Assessment of Storm-scale Real Time Assimilation of GOES-16 GLM Lightning-derived Water Vapor Mass On Short Term Precipitation Forecasts During The 2020 Spring Forecast Experiment

Abstract

This study assesses the impact of assimilating pseudo-observations for water vapor mass derived from the Geostationary Operational Environmental Satellites GOES-16 lightning data on short-term quantitative precipitation forecasts (QPFs) over the contiguous United States (CONUS), with an emphasis given to regions characterized by an overall poor radar coverage. The GOES-16/17 provide nearly uniform and high temporal resolution total lightning observations over most of the Americas. To leverage this information for convective scale weather forecasts, a three-dimensional variational data assimilation (DA) package developed by the National Severe Storm Laboratory was employed to assimilate these data. To mimic operational settings, the Weather Research and Forecasting Model configuration used in NOAA Global Systems Laboratory’s High-Resolution Rapid Refresh Model version 4 was utilized. During the 2020 NOAA Hazardous Weather Testbed Spring Forecasting Experiment, four experiments were run in real time during a 29-day period over CONUS and surrounding territories to assess the added value of GOES-16 lightning over conventional radar data. Overall, the lightning DA (LDA) showed benefit in improving QPFs up to 6 h, with the best improvements seen during the first 3 hours.

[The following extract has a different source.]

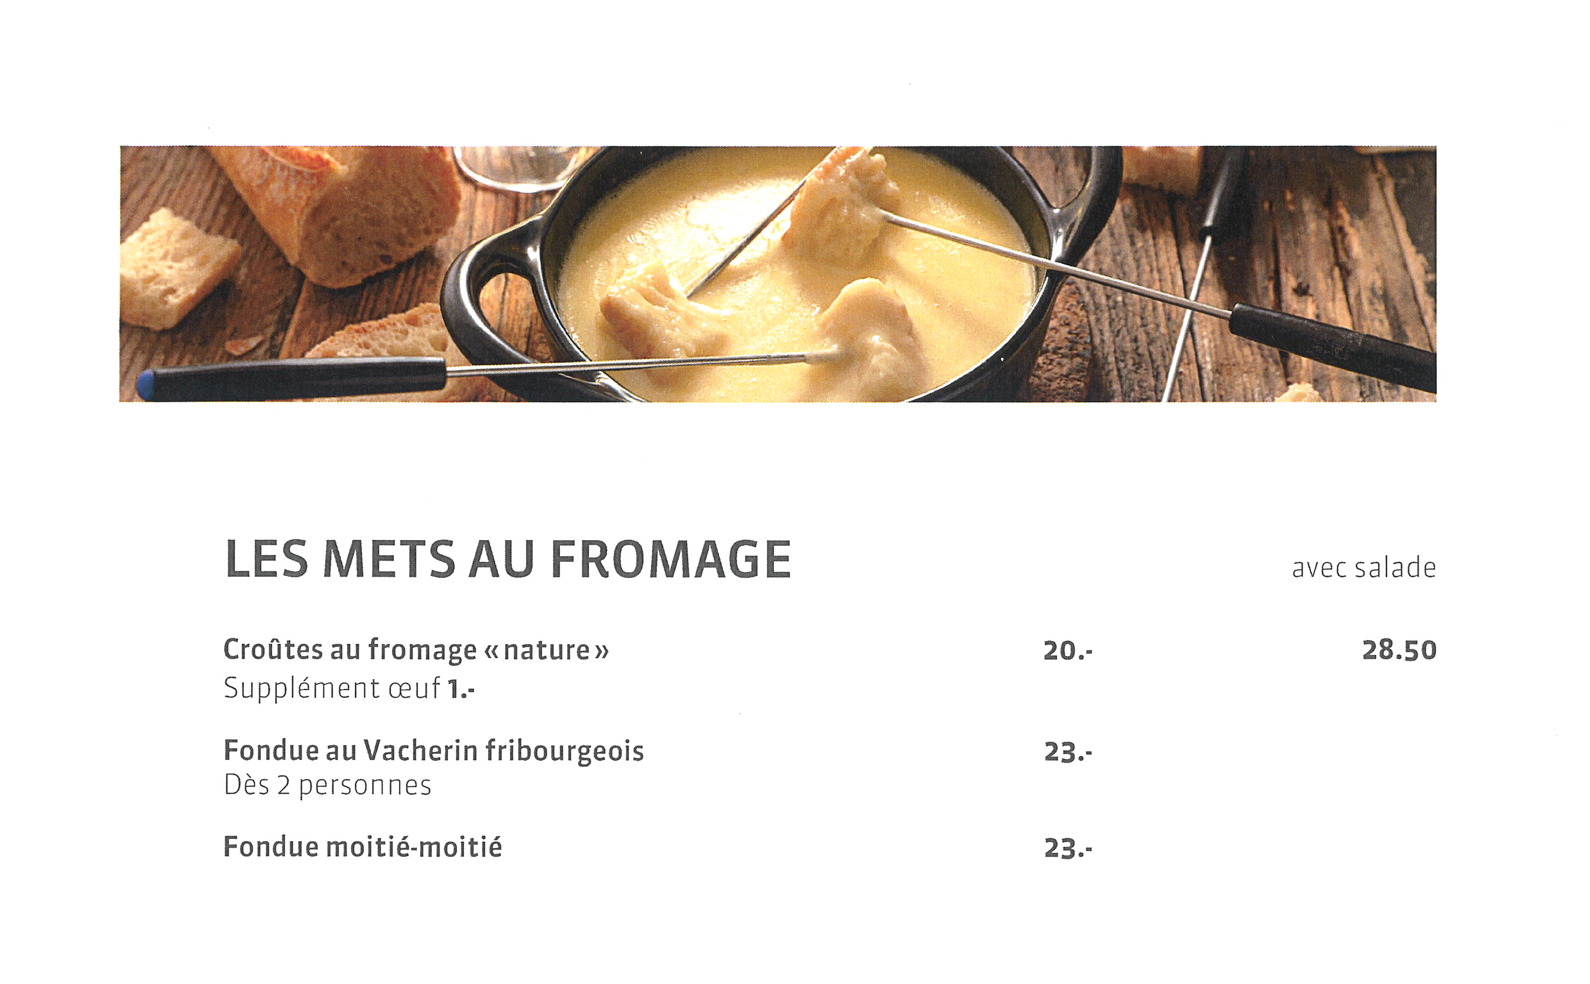 Mets au fromage
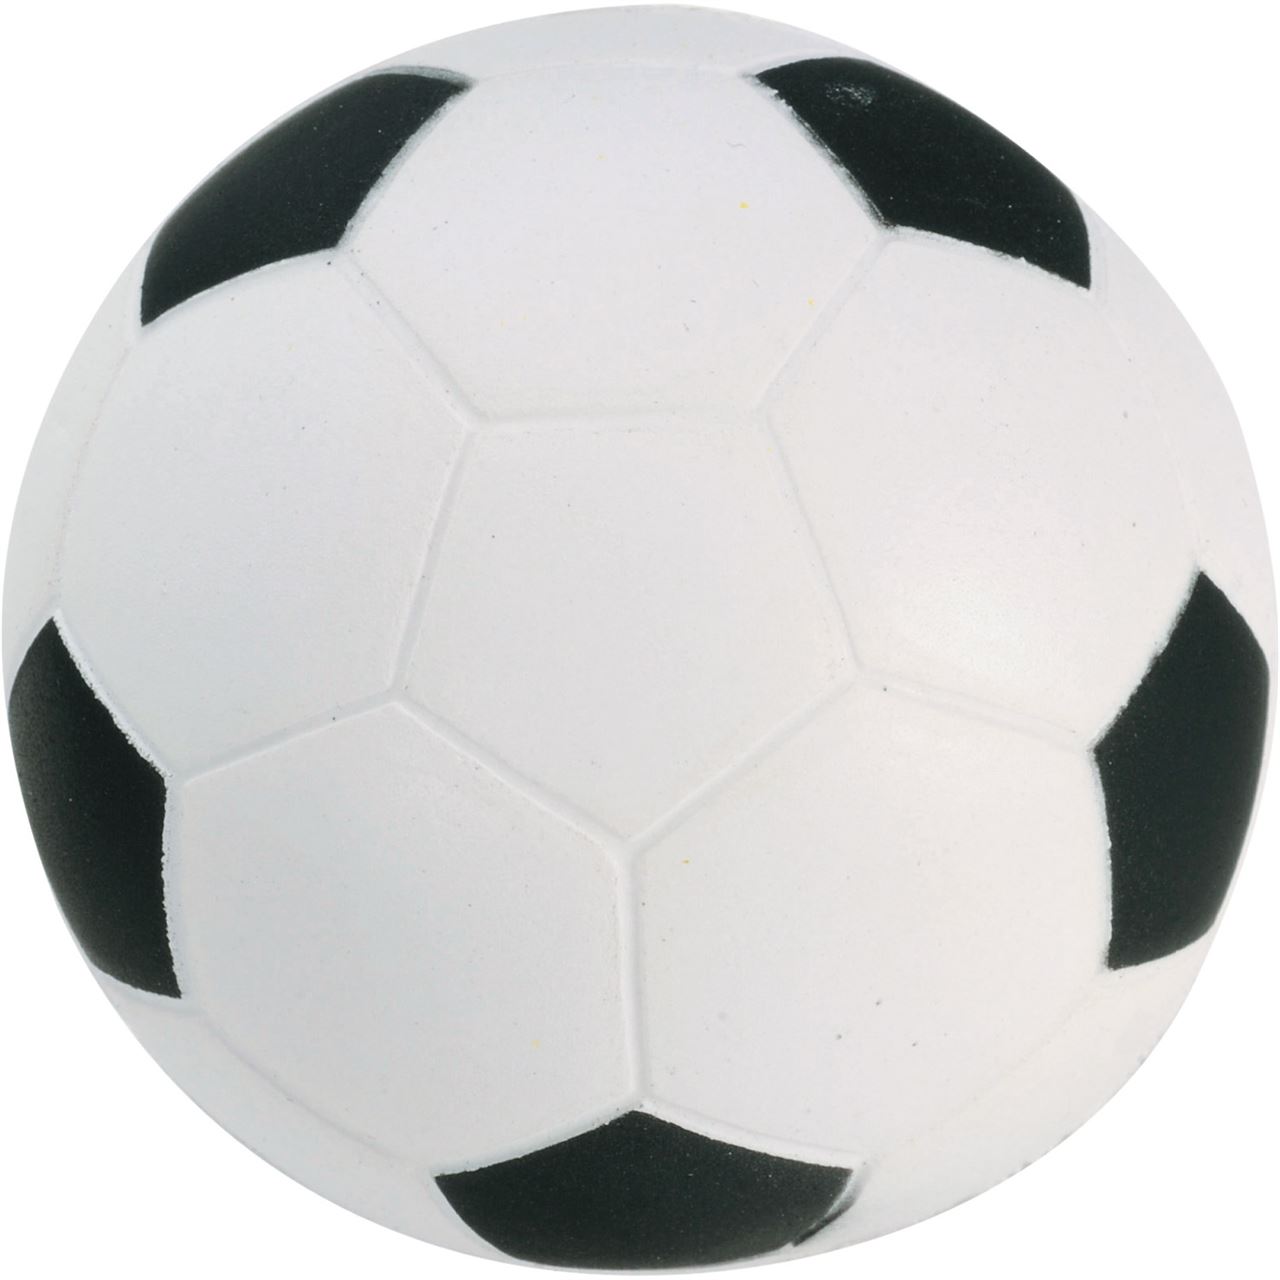 Picture of Bullet Soccer Ball Stress Reliever

Owing to notably larger lightning activity over the eastern CONUS, the most noticeable impacts from the LDA were seen there. Case-by-case analysis revealed that positive impacts from the LDA were seen over areas characterized by both good (eastern two thirds of CONUS) and poor radar coverage (western one third of CONUS). Highlighting the inherent difficulties in developing an optimal observation operator based on moisture for LDA applications, the GLM-based DA experiments systematically overestimated rainfall over the eastern two thirds of CONUS while underestimating it over the western one third of CONUS.